The dustup at Baylor is not about its president. It's about change.

Baylor University president Robert Sloan has been vilified by some members of his faculty and a few of the university's regents, and he has had to face increasingly fierce organized opposition. But according to two professors at Harvard's Kennedy School of Government, he shouldn't take it personally.

In their book, Leadership on the Line (Harvard Business School Press, 2002), Ronald A. Heifetz and Marty Linsky focus on the dangers leaders face when they guide an organization through "adaptive change." Adaptive change is the kind of change that cannot be met merely by the authorities within an organization or by people simply doing what they already know how to do—only doing it more or better or faster or with greater resources. Many challenges in organizational life require more-better-faster technical adjustments. But adaptive change requires a willingness to experiment and changes in values, attitudes, and behaviors.

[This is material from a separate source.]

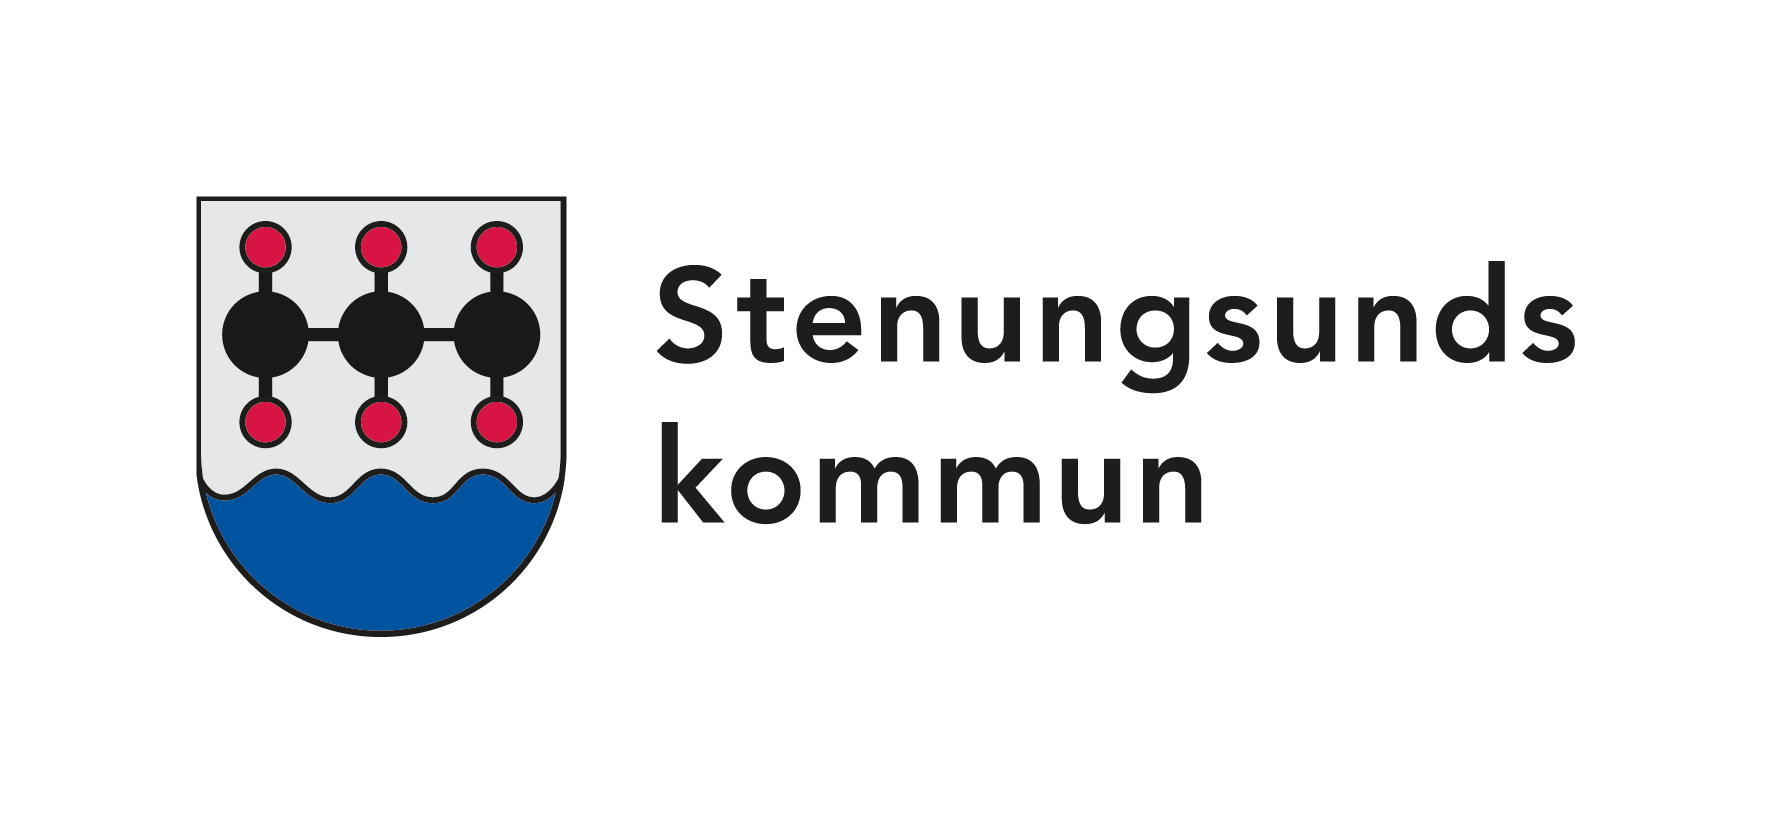 Stenungsunds kommun.png

Top-tier research universities are unlike small liberal arts colleges in fundamental ways. And intentionally Christian faculty members are different from those who do not try to integrate faith and learning or have no faith at all. Making the transitions to top-tier status and to a Christian approach to learning require fundamental attitudinal and value changes.

Heifetz and Linsky want leaders to understand that it is dangerous to guide an institution through such fundamental and pervasive change. This is so because, at the beginning, people can see far more clearly the losses they are likely to sustain than the gains that the institution will make. People who resist such change are not necessarily bad people. They prize the status quo for good reasons, write Heifetz and Linsky. It is not usually just a ...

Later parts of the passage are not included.